Solution: replay with reconstruction

We have developed a hybrid version of these 2 methods, replay+reconstruc. Using it, we can replay recent Tezos blocks then commit their context updates to the disk. In the view point of the context storage layer, the benchmark using this replay with reconstruction is very similar to what it performs in the actual Tezos node.

Suppose that we want to replay blocks with the context reconstruction between levels $level1 and $level2.

The idea is:

  • store/ carries the blocks between $level1 and $level2.
  • context/ carries only the context at $level1.
  • Let tezos-node replay command apply the blocks between $level1 and $level2 consecutively and commit their contexts to context/ directory.

Prepare tezos-node

Your node must have tezos-node replay command.

$ ./tezos-node --help
...
       replay
           Replay a set of previously validated blocks
...

Prepare a full node

Prepare a full node and let $srcdir be the directory of the full node.

Its storage version must be 0.0.5 or newer:

$ cat $srcdir/version.json
{ "version": "0.0.5" }

Upgrading storage

If the storage version is 0.0.4, you have to upgrade the data directory by:

$ ./tezos-node upgrade storage --data-dir $srcdir

NOTE: Recent master of tezos-node has a bug around --data-dir. You MUST make sure $srcdir/config.json exists and its data-dir field points to $srcdir.

Check the data

You must first check $level1 and $level2 are available in the node:

$ ./tezos-node replay --data-dir $srcdir $(($level1 + 1)) $level2

Snapshot of $level1

Make a snapshot of level $level1:

$ ./tezos-node snapshot export --data-dir $srcdir --block $level1 tezos-mainnet-snapshot-full.$level1

NOTE: The snapshot MUST be taken by the new store. Currently, snapshots of v9.1 called “legacy snapshots” are NOT properly imported by the latest tezos-node.

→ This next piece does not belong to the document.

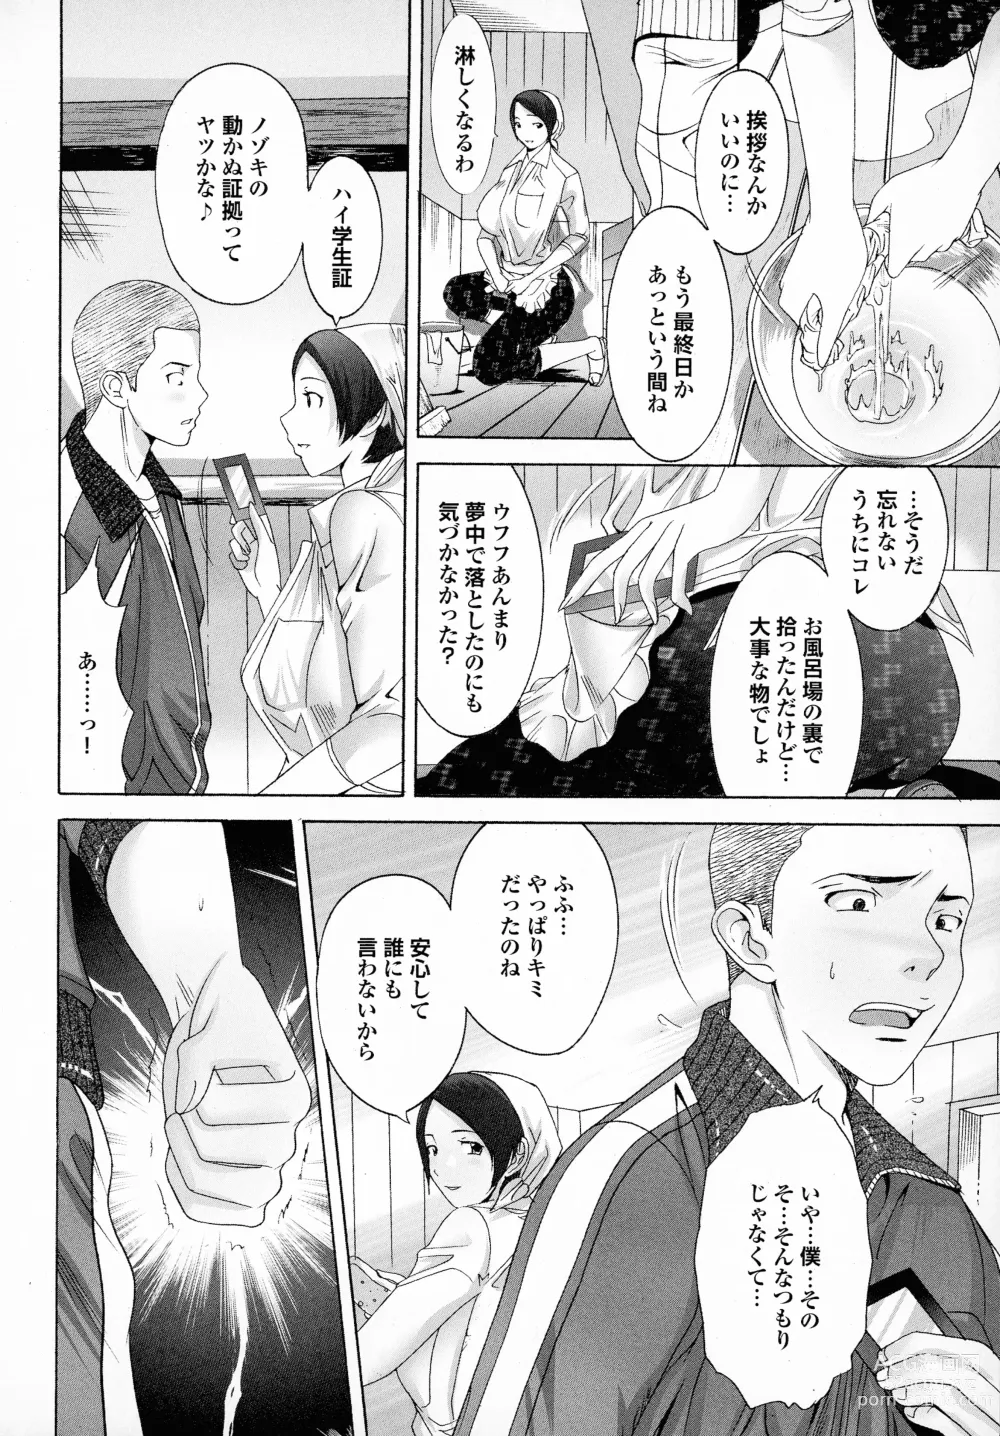 Page 166 of manga Okaa-san mo Issho

Prepare the starting context

Now import the snapshot to a new directory $importdir:

$ mkdir $importdir
$ ./tezos-node snapshot import --data-dir $importdir tezos-mainnet-snapshot-full.$level1

Prepare the replay directory

Make another directory $replaydir for the replay:

Copy the store and JSON files of $srcdir:

$ cp -a $srcdir/store $replaydir/
$ cp $srcdir/*.json $replaydir/

Copy the context of $importdir:

$ cp -a $importdir/context $replaydir/

Reinitialize the directory:

$ ./tezos-node config reset --data-dir $replaydir

Now $replaydir/ is ready for reconstruction from $level1:

  • store/ : blocks enough to reconstruct between $level1 and $level2.
  • context/: the context of $level1, the starting point of the reconstruction.

Reconstruction by replay

Now the following should work:

$ ./tezos-node replay --data-dir $replaydir $((level + 1)) $((level + 2)) ...

tezos-node replay cannot take the range of block levels. You need to specify levels one by one.

When you rerun the reconstruction, you have to reset context/ directory:

$ rm -rf $replaydir/context
$ cp -a $importdir/context $replaydir
$ ./tezos-node replay --data-dir $replaydir lev1 lev2 ...

Testing modified node using histroic data

If a modification to a node implementation changes context hash, pure replay+reconstruct fails because the block application may produce different context hashes from the ones expected.

To make replay+reconstruct working even in this situlation, tezos-node replay has a new option --ignore-context-hash-mismatch in https://gitlab.com/dailambda/tezos/-/tree/jun@replay-reconstruct . With this option, the context hash mismatches are ignored: if a block $B_i$ with an expected context hash $H_i$ produces a context of a different context hash $H’_i$, the mismatch does not stop the validation if the option is enabled. The replay continues and commits the result context with $H’_i$ remembering the pair of $(H_i, H’_i)$ in memory. At the replay of the next block $B_{i+1}$, the node requires the context of its predecessor $B_i$. Its context hash is $H_i$ in $B_i$, which is NOT found in the context DB. Instead we checkout the context of $H’_i$ paired with $H_i$.

Thanks to this --ignore-context-hash-mismatch option we can quickly test and bench node modifications over historic block data, even if it might produce different context hashes.

Future work

  • It takes very long time to export and import a snapshot for $level1. What we need here is just one context and we need no store exported. It would be nice if we have a tool to copy just one version of context.
  • Benchmarking fails if a shell or a protocol has modifications affect context hashes. Now we have --ignore-context-hash-mismatch option.
  • Better UI.